EXERCISE PROMPT :: What you return should be the lines from the one with "KHOR BLACK/SMOKE LENS" through the one with "Corporate Flyer - Wedding Pro 4206019" in the data below, reproduced exactly with both ends, and no pictures at all.

DATASET ENTRIES ::

━━━━━━━━

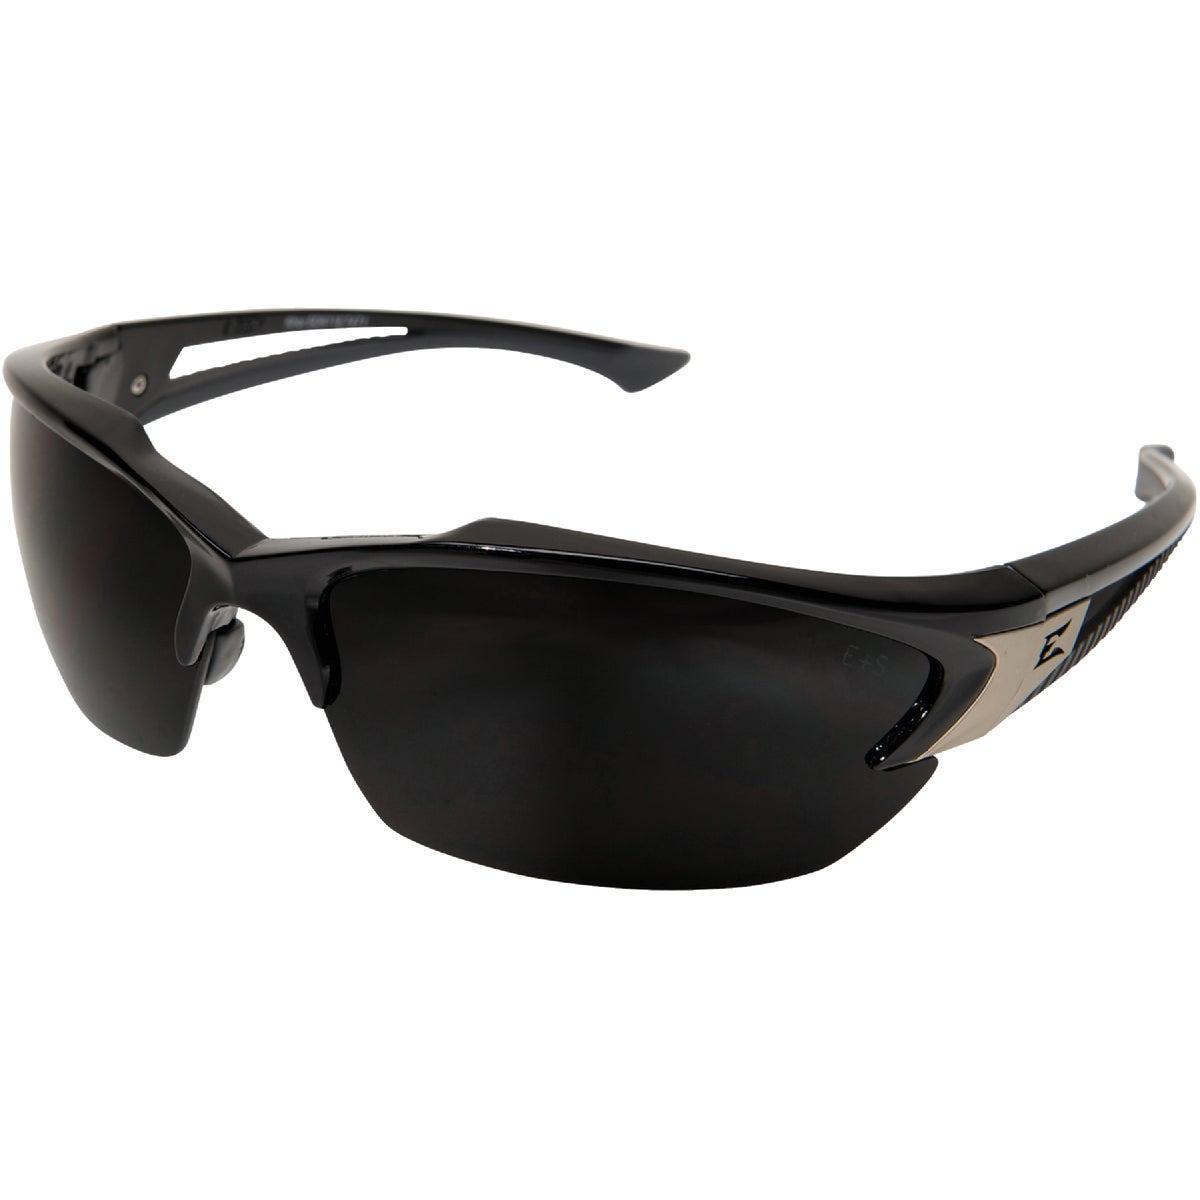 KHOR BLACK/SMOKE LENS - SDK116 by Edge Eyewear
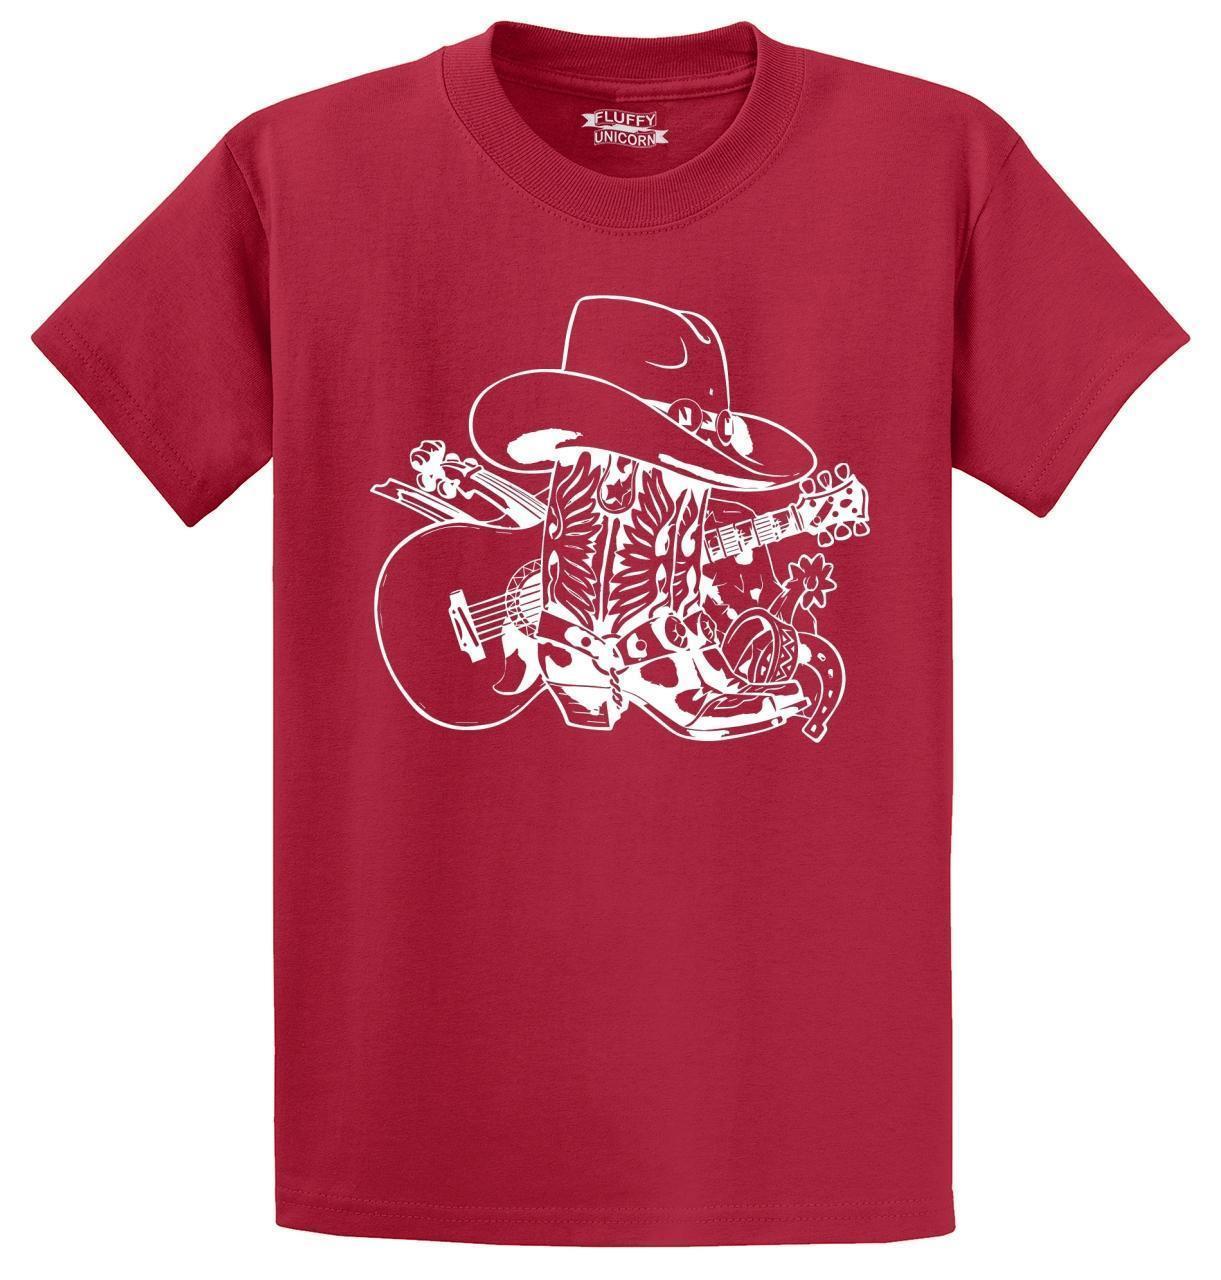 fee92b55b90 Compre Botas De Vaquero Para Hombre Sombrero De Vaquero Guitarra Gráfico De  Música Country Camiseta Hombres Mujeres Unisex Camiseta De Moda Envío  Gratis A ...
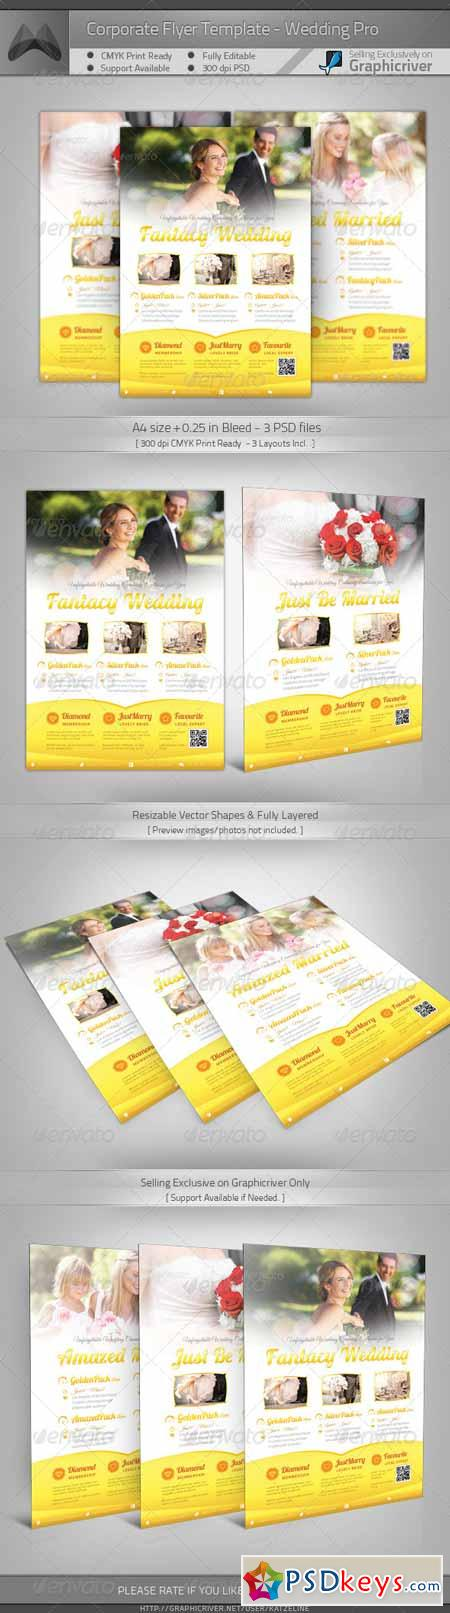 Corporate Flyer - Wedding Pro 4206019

━━━━━━━━

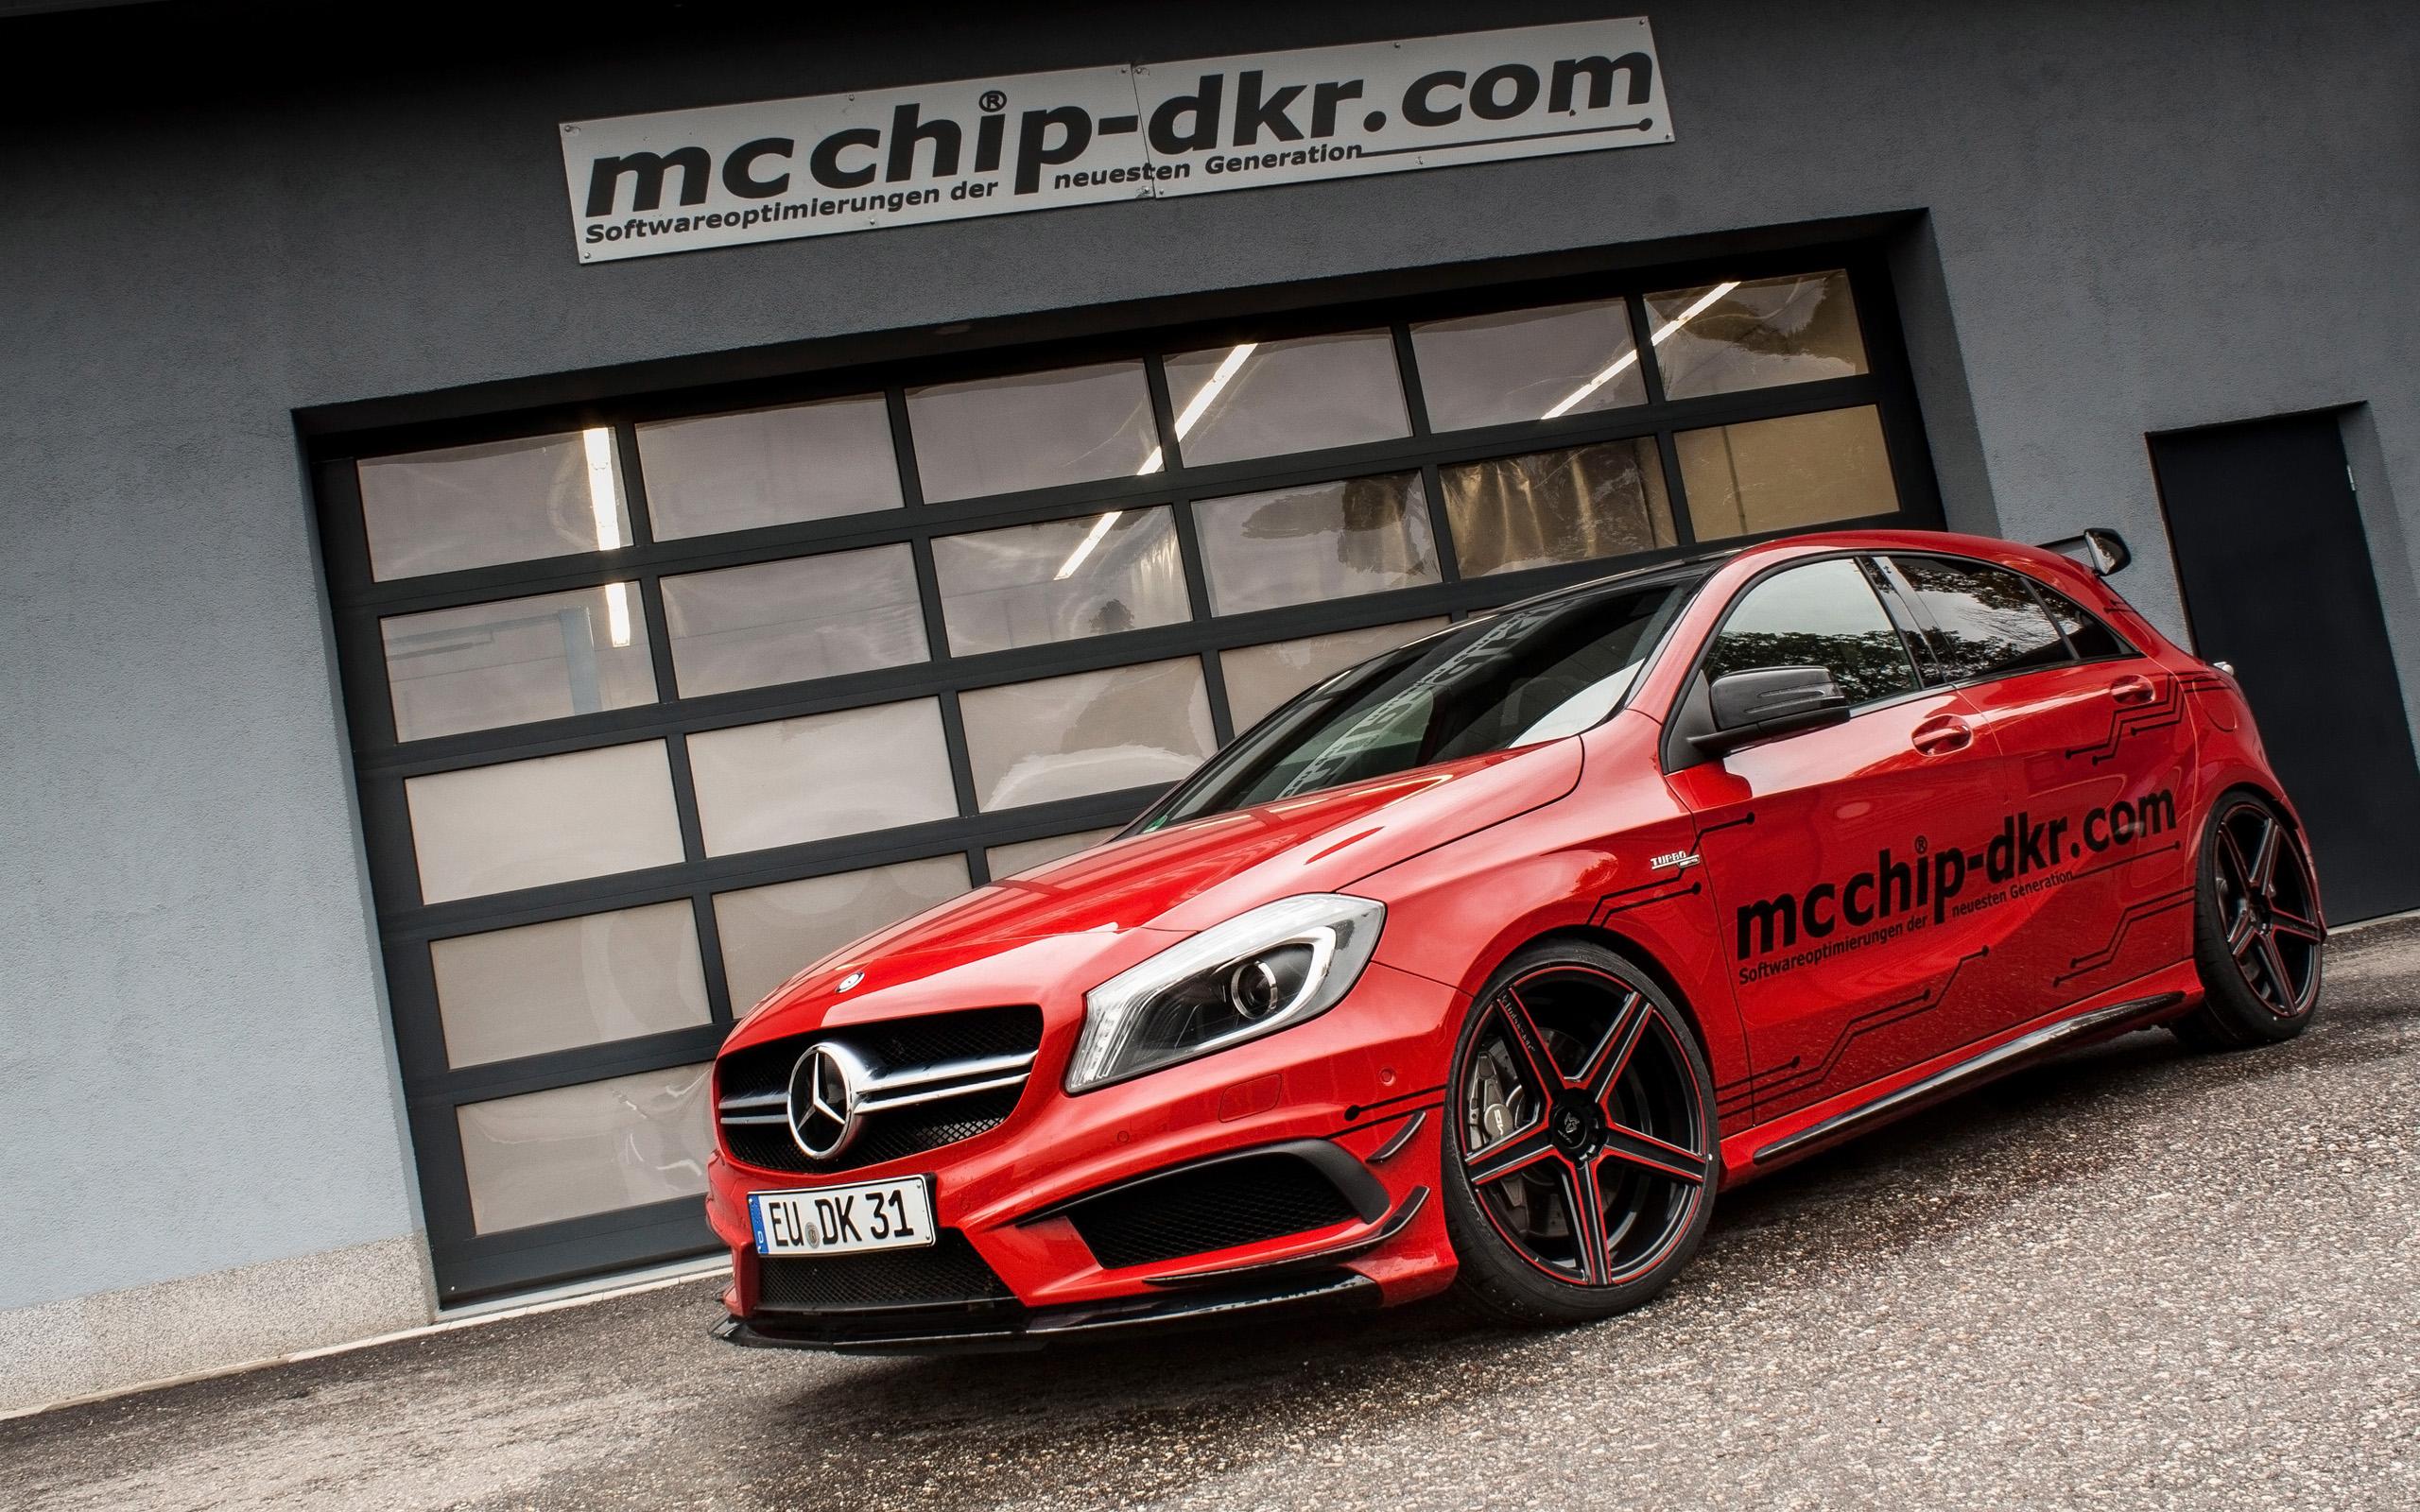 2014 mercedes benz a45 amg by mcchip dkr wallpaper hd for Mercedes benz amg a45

━━━━━━━━

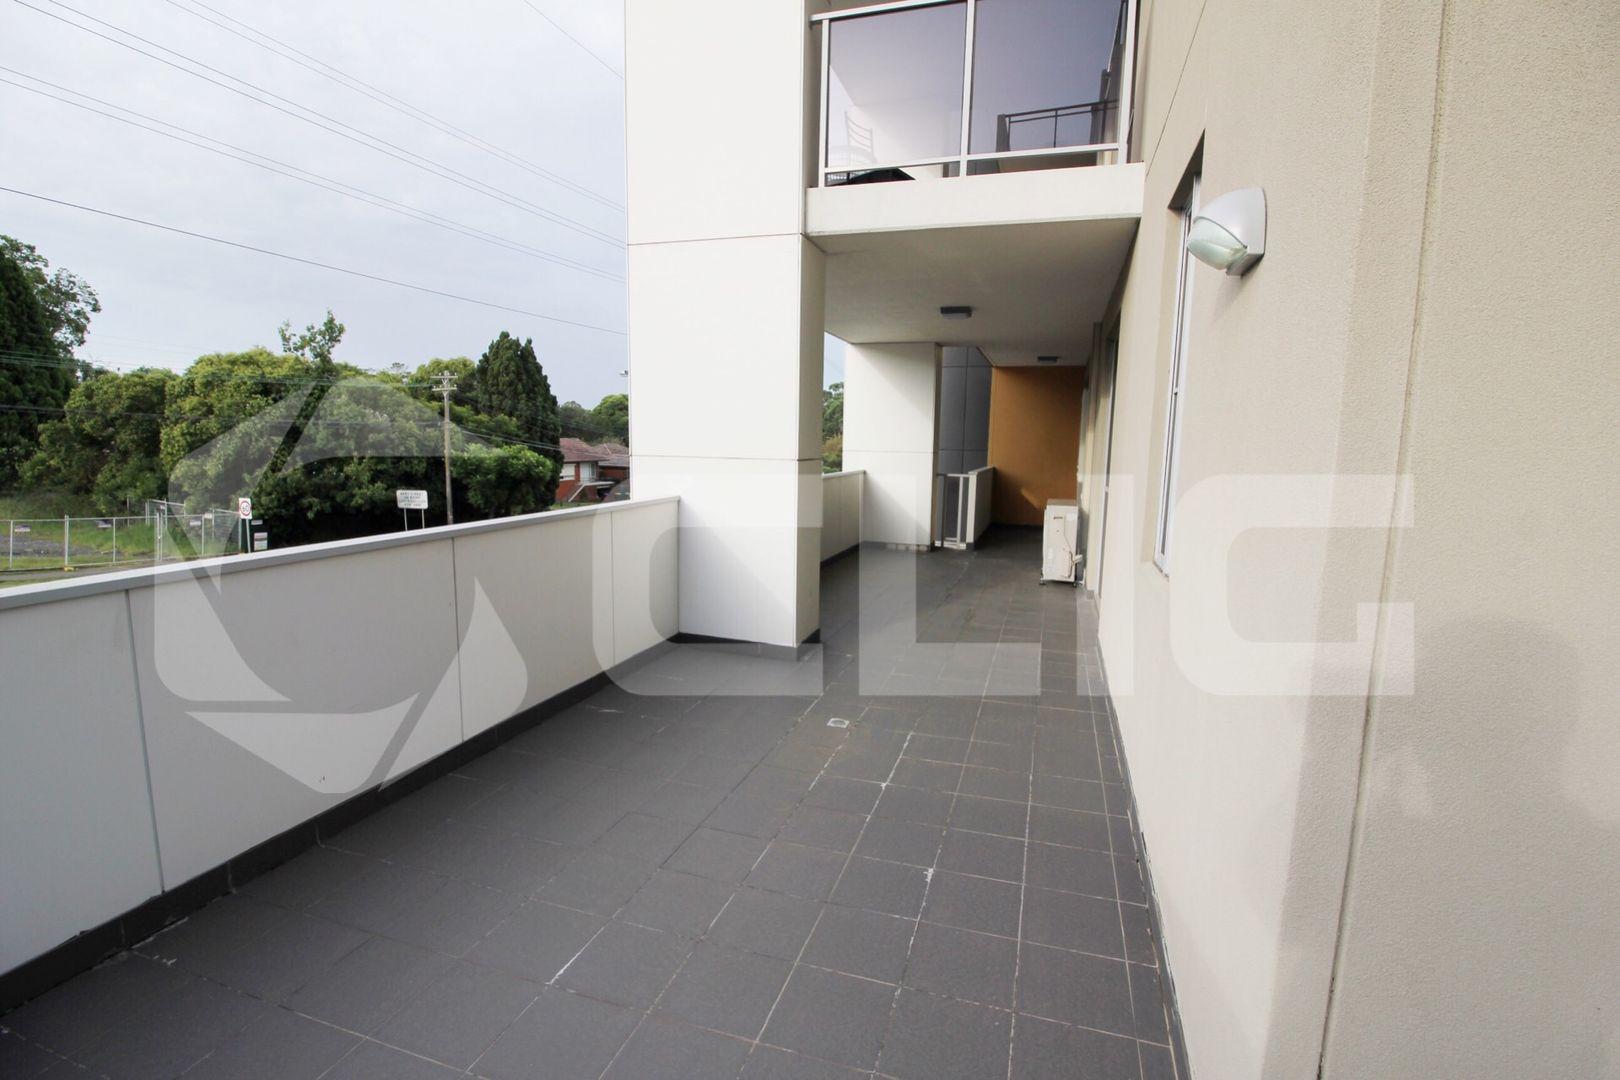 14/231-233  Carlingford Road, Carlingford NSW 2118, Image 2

━━━━━━━━

OUTPUT OF THE EXERCISE ::
 KHOR BLACK/SMOKE LENS - SDK116 by Edge Eyewear
 fee92b55b90 Compre Botas De Vaquero Para Hombre Sombrero De Vaquero Guitarra Gráfico De  Música Country Camiseta Hombres Mujeres Unisex Camiseta De Moda Envío  Gratis A ...
 Corporate Flyer - Wedding Pro 4206019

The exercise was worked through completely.